### Instructions to follow:
Return the full listing character for character, without its pictures.

### Supplied material:
▬▬▬▬▬▬
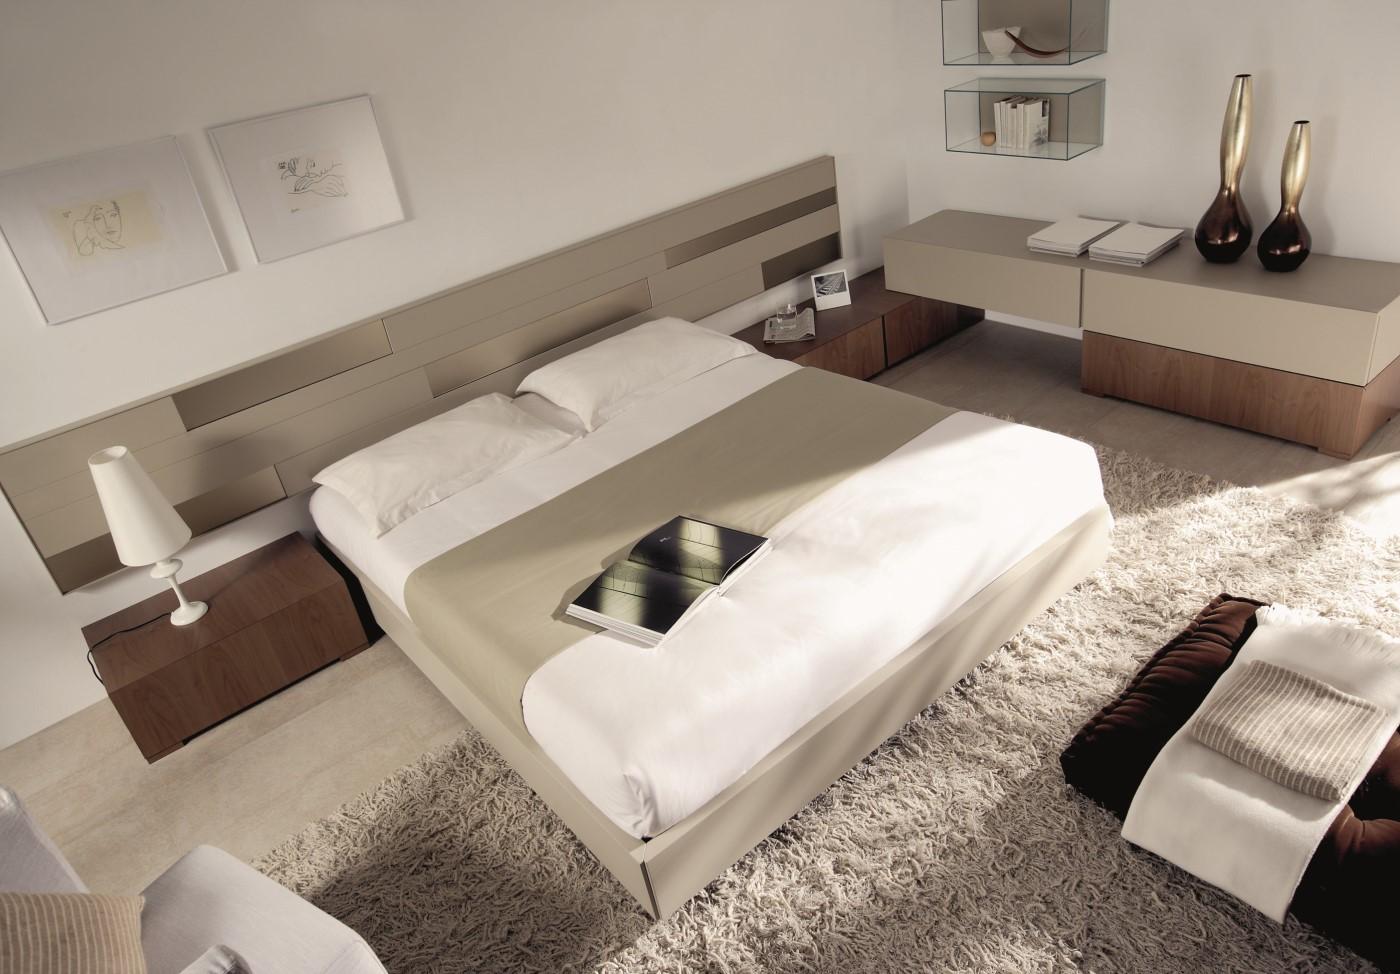 Dormitorios y camas modernos de calidad online en valencia - Muebles para dormitorio matrimonial ...
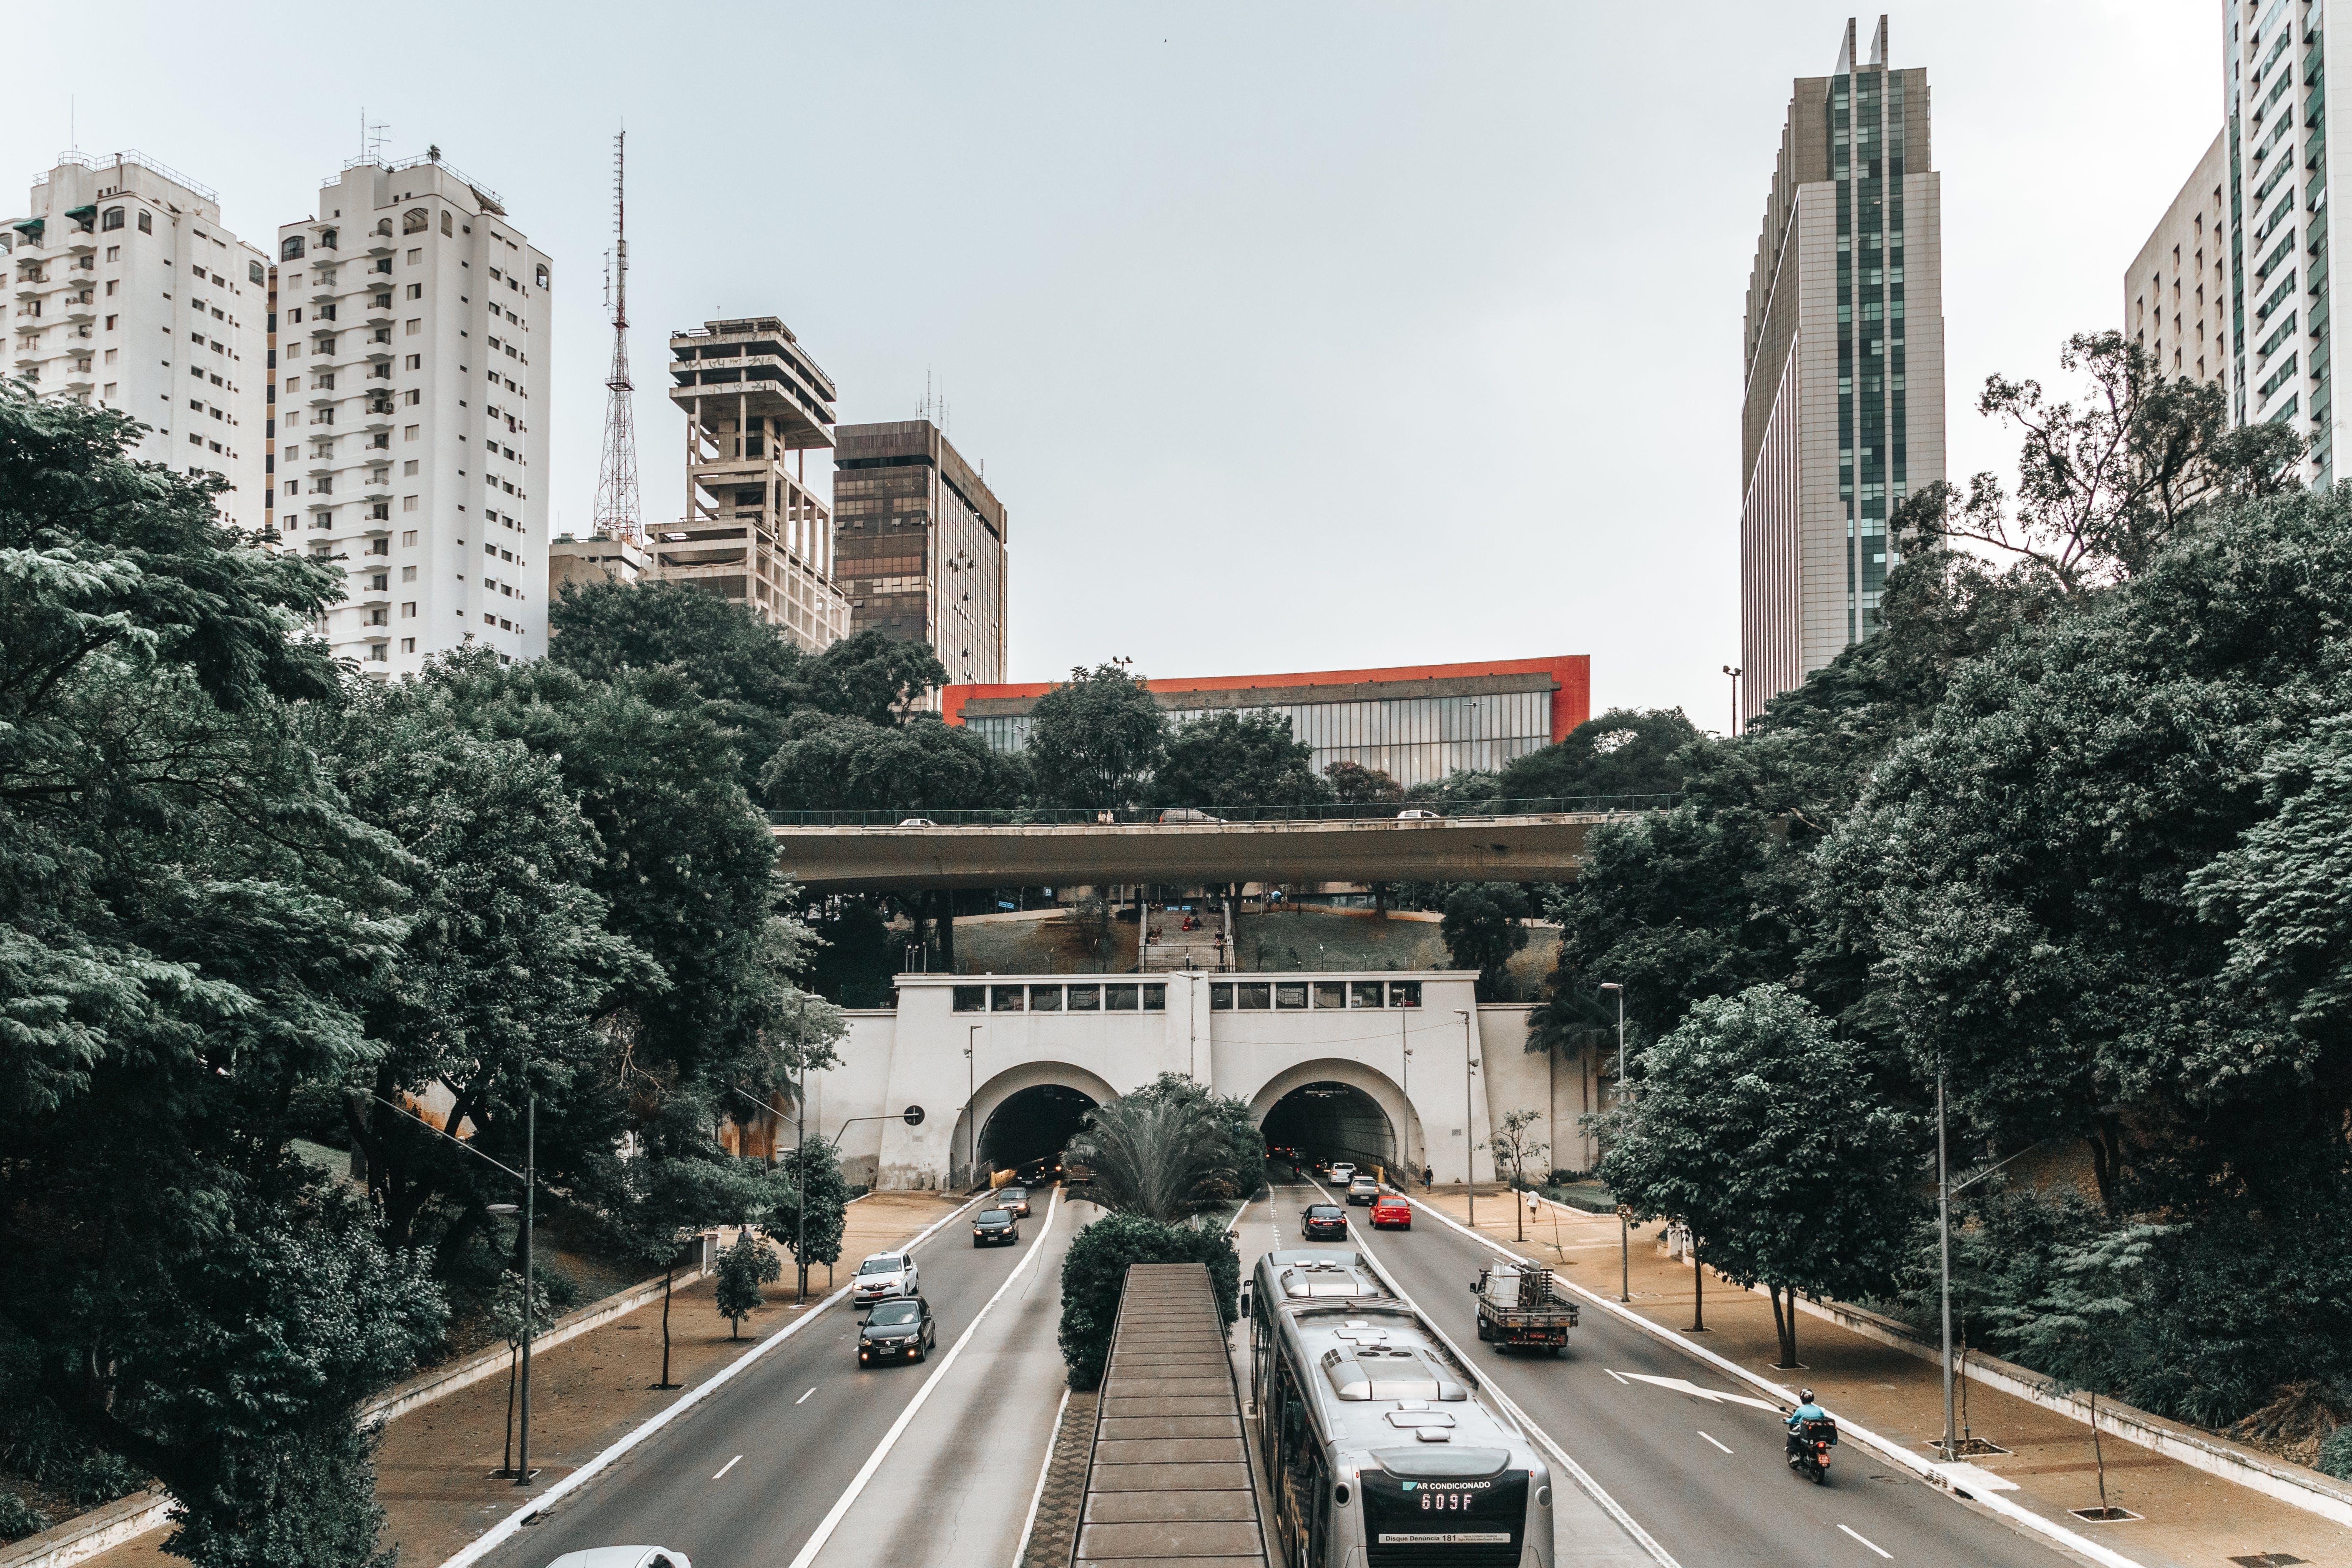 Gray Bus at Road
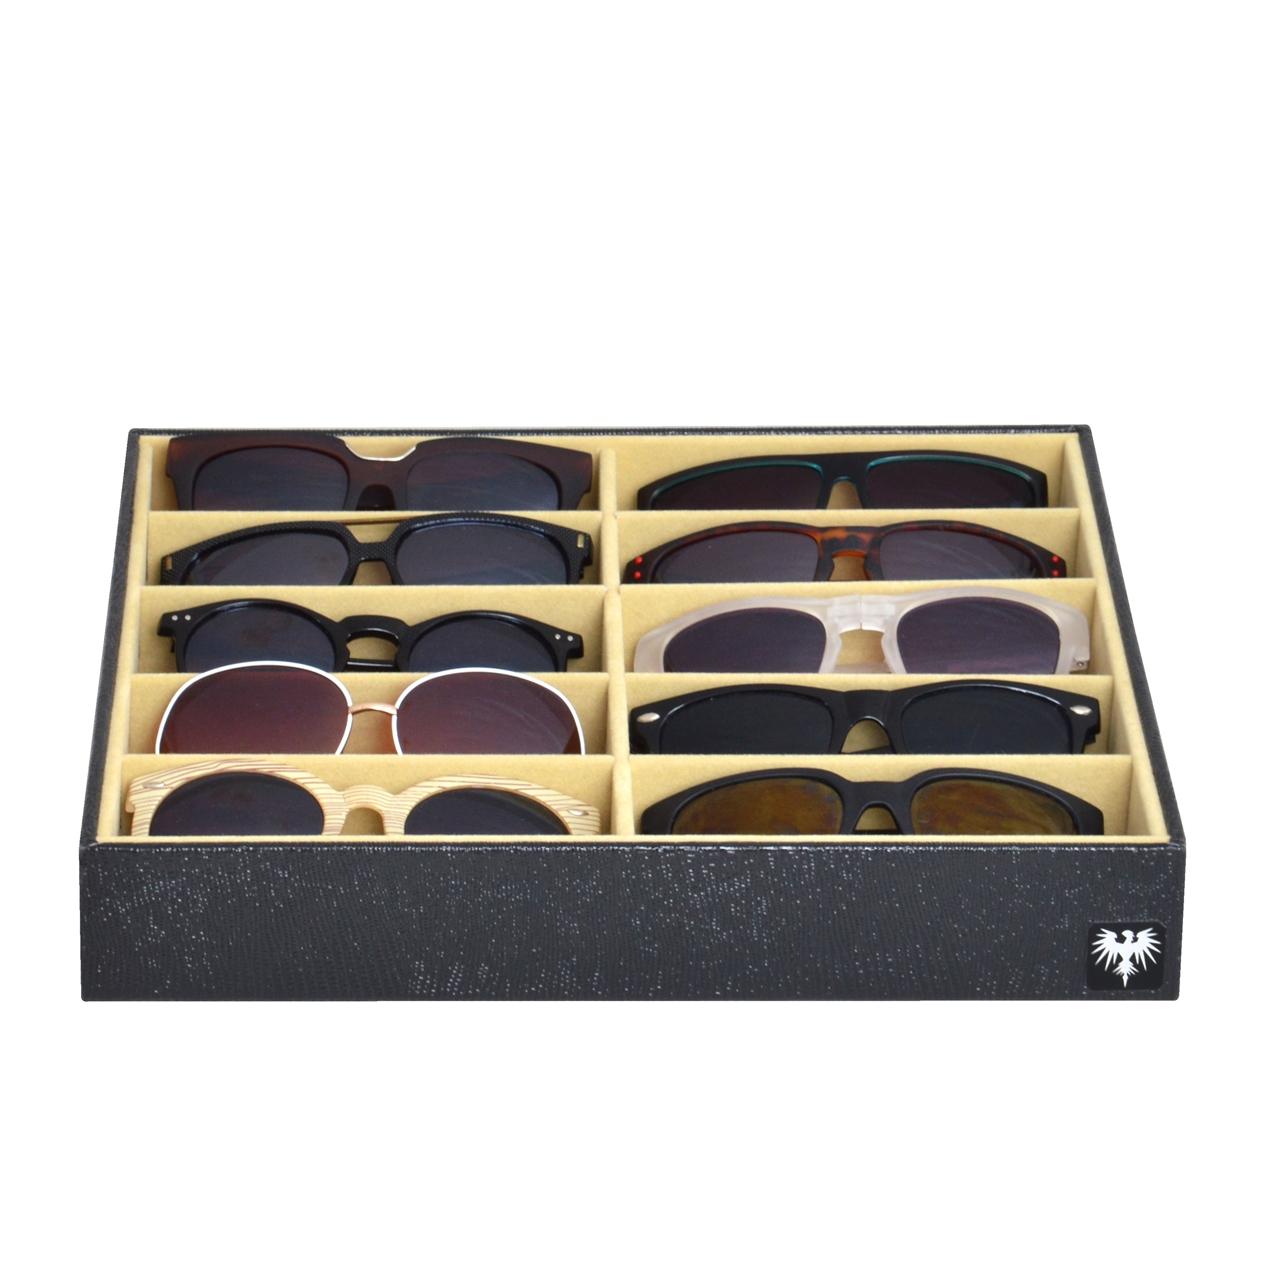 bandeja-couro-ecologico-10-oculos-preto-bege-porta-closet-imagem-1.jpg
▬▬▬▬▬▬
### Written answer:
 Dormitorios y camas modernos de calidad online en valencia - Muebles para dormitorio matrimonial ...
 Gray Bus at Road
 bandeja-couro-ecologico-10-oculos-preto-bege-porta-closet-imagem-1.jpg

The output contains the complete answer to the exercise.